The overall premise of machine learning is to learn from historical date and attempt to infer, estimate, or predict outcomes. Let us assume that machine learning models are fed by a set of parameters (collectively referred to as features) that can influence the outcome produced by the model (referred to as labels). In most cases the goal is to focus on a single well-defined task. The process of generating a prediction or estimation of a label is done through the minimization of a cost function during training.
As an example, an object recognition models learn how to identify objects once they are trained by a large labeled datasets and become capable of identifying objects once they are presented with unlabeled pictures during inference. Despite complexities involved in building and training effective object recognition models, they essentially are trained to do a single task and that is object recognition.
Well-designed and trained models often yield good results but it is not unusual to run into models exhibiting poor performance that stubbornly resist even the most aggressive refinements. This can happen for a variety of reasons, one in particular (relevant to multi-task learning) is caused by models becoming fixated on a narrow set of features (overfitting) and lose sight of the bigger picture.
Muti-Task learning can often help improve the performance of such models. it basically entails expanding the model and artificially adding auxiliary tasks that are not really targeted by the original model but happen to be relevant to the main task. The expanded model is then trained to optimize both tasks (primary and auxiliary) at the same time. As an example, imagine having difficulty extracting acceptable performance from a model built to predict the failure probability of a jet engine in a given period. This model probably can be fed by a large set of environmental and operational parameters such as flight hours, frequency of service, previous failures, number of take offs and landings, and many more. In Multi-Task learning we can artificially introduce auxiliary tasks such as predicting the probability of the engine temperature or vibration to exceed certain thresholds. While learning about engine temperature or vibration is not our primary interest but excess temperature and vibration certainly can’t do much good to extend the life of any type of machinery let alone a jet engine. There are many types and implementations of Multi-task models but one popular method entails building a deep neural network that accept features from all tasks (primary and auxiliary). Its first few hidden layers are shared by all tasks but the upper hidden layers become task dependent. (see the Fig. 2 below). In other words, the training is initially done by having the “big picture in mind” but take a more refined path to produce the final outcome.
So why does this work?

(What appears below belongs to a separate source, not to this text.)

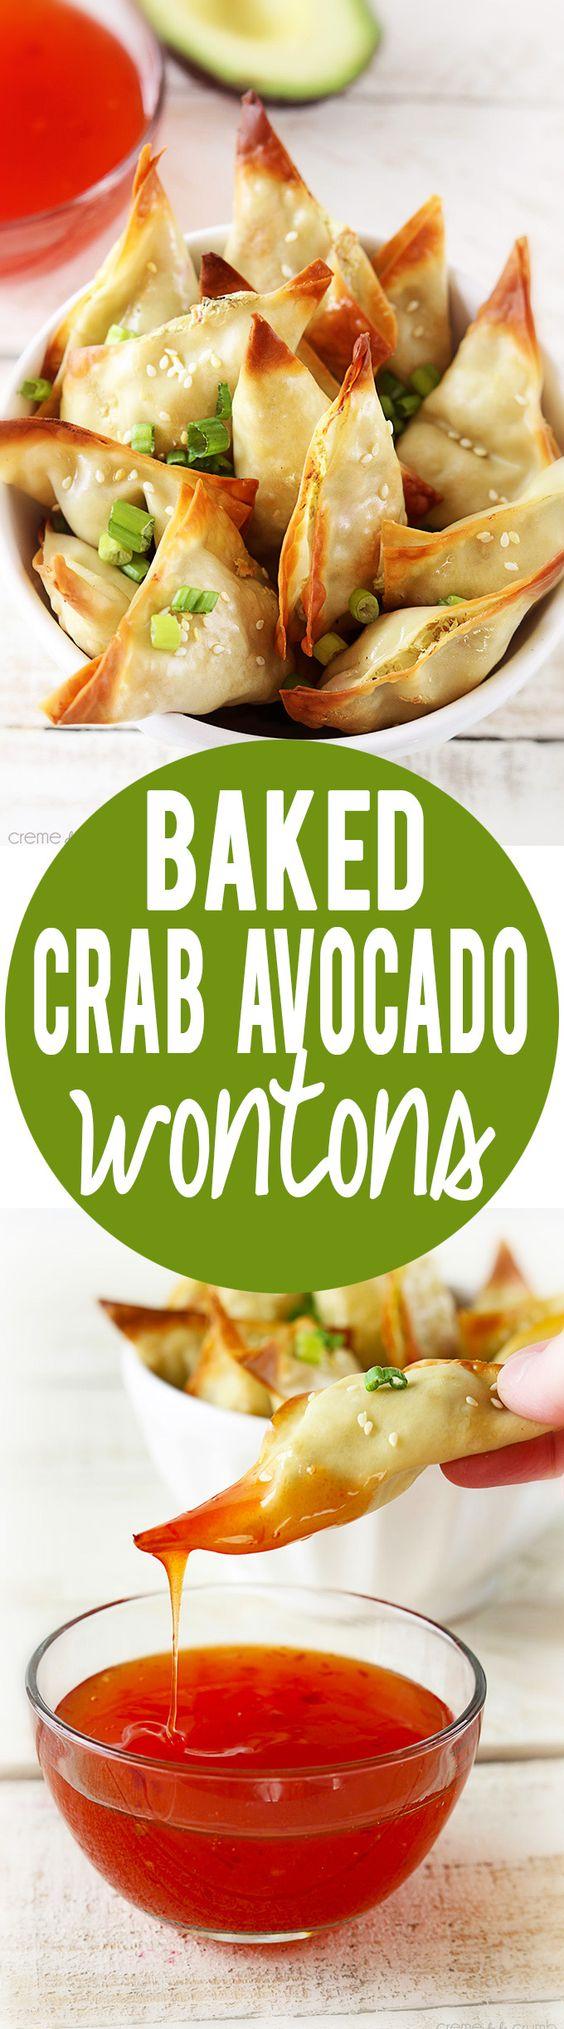 Oven Baked Crab Avocado Wontons   Creme de la Crumb

While covering this topic is a daunting task for this post but you can view this as not letting the model be overly biased by the noise of just one task. In other words, forcing the training to take place in a regime that produce several tasks with uncorrelated noise rather than letting a single runaway noise source to pollute the outcome. Another way of thinking about this is imagining a larger more diverse model with greater training dataset with very diverse feature set.